» Task goal:
Copy the listing verbatim, excluding any images found in it.

» Provided data:
======

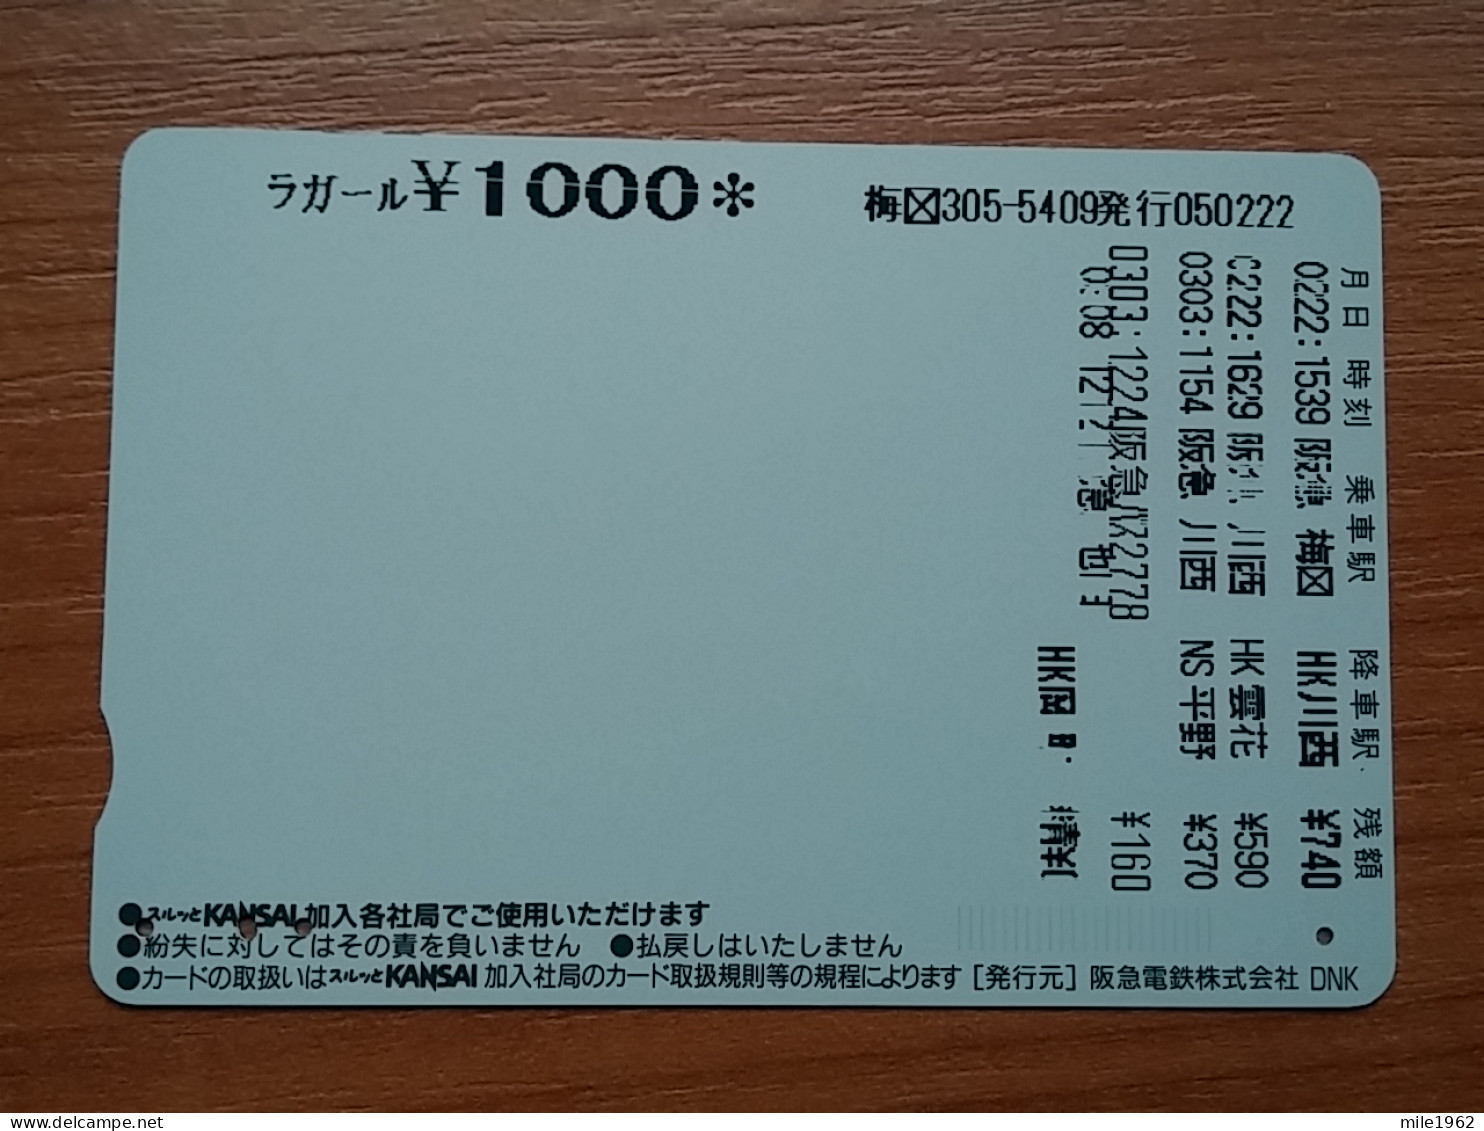 T-399 - JAPAN, Japon, Nipon, Carte Prepayee, Prepaid Card, Dog, Chien - Hunde
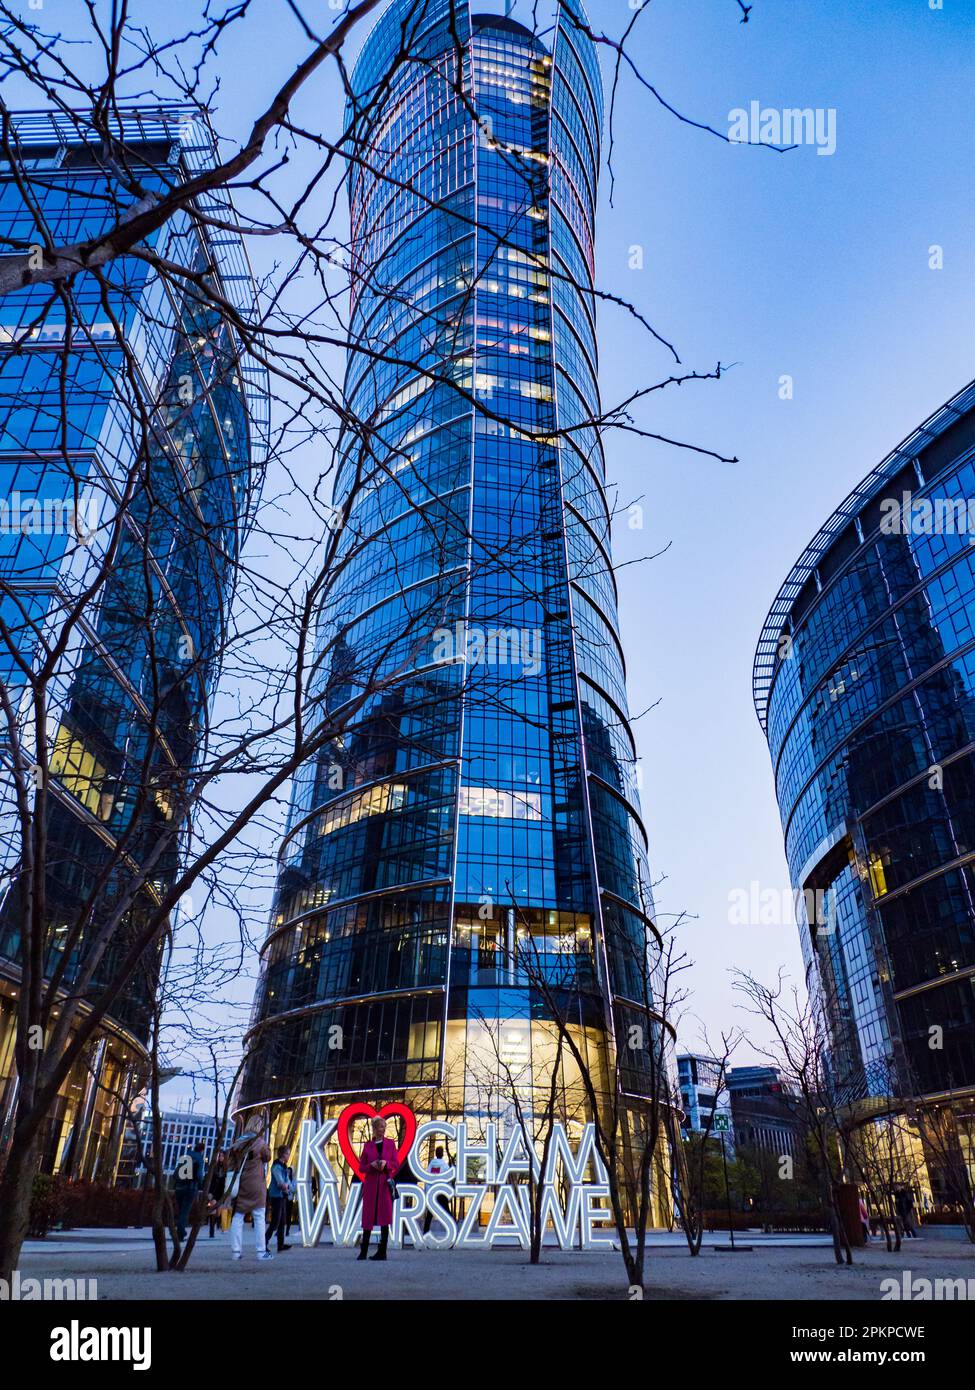 Varsovie, Pologne - avril 2022 : gratte-ciels modernes en verre à Varsovie. Place européenne. Europe centrale Banque D'Images
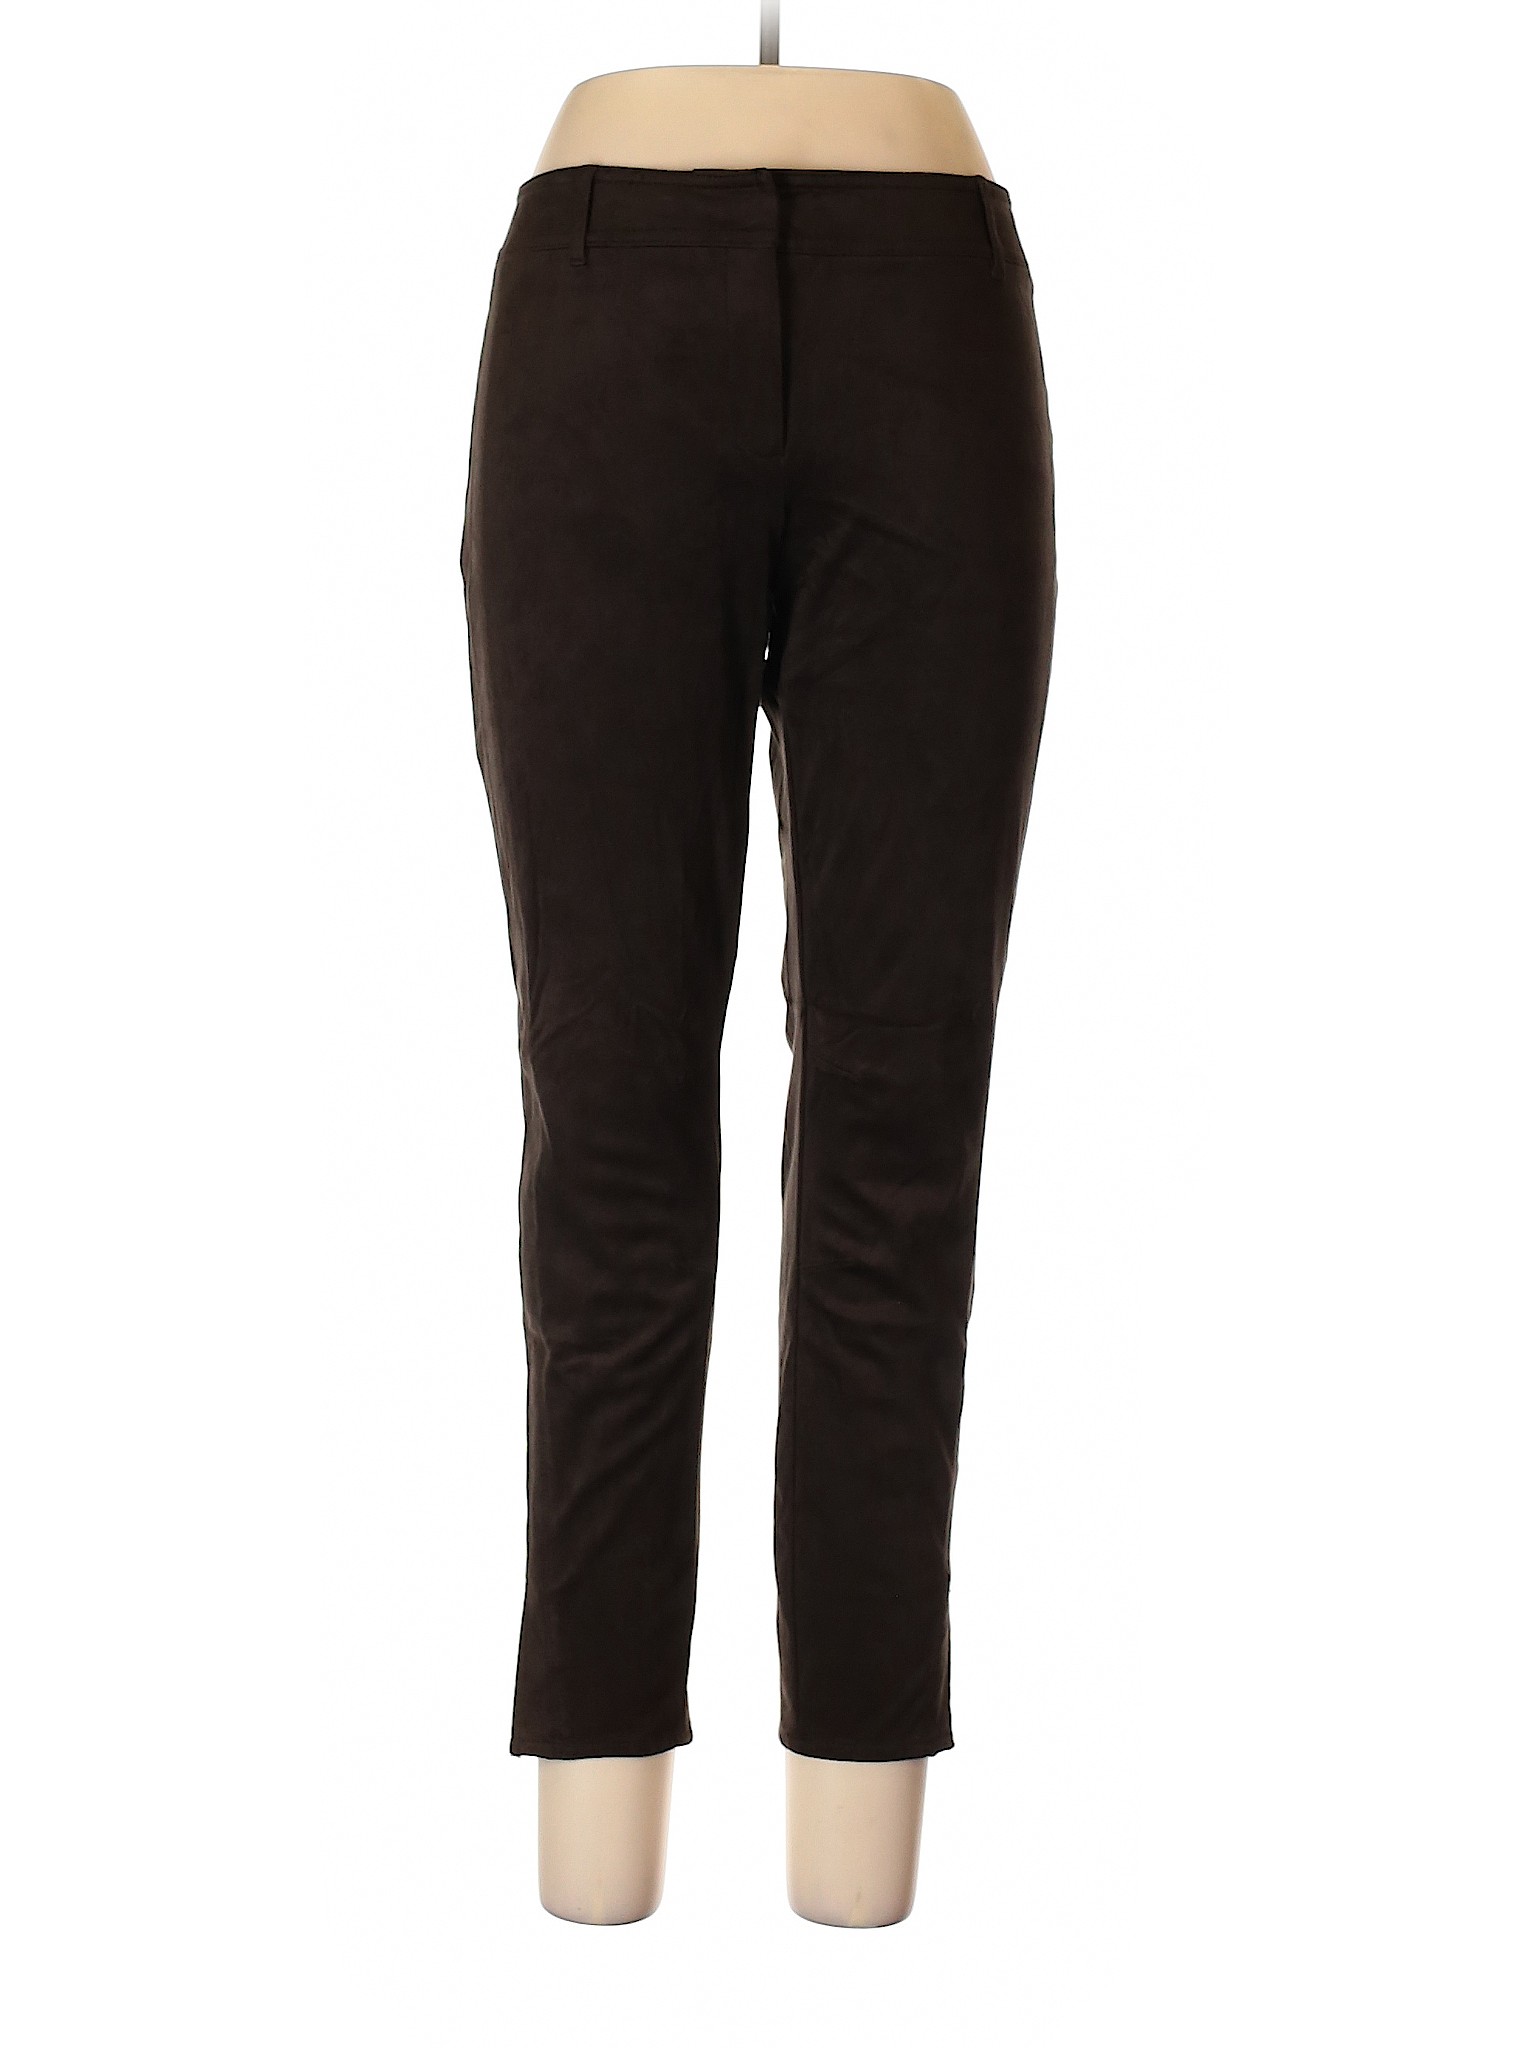 New York & Company Women Brown Velour Pants 10 | eBay

======

» The completed task:
 T-399 - JAPAN, Japon, Nipon, Carte Prepayee, Prepaid Card, Dog, Chien - Hunde
 Varsovie, Pologne - avril 2022 : gratte-ciels modernes en verre à Varsovie. Place européenne. Europe centrale Banque D'Images
 New York & Company Women Brown Velour Pants 10 | eBay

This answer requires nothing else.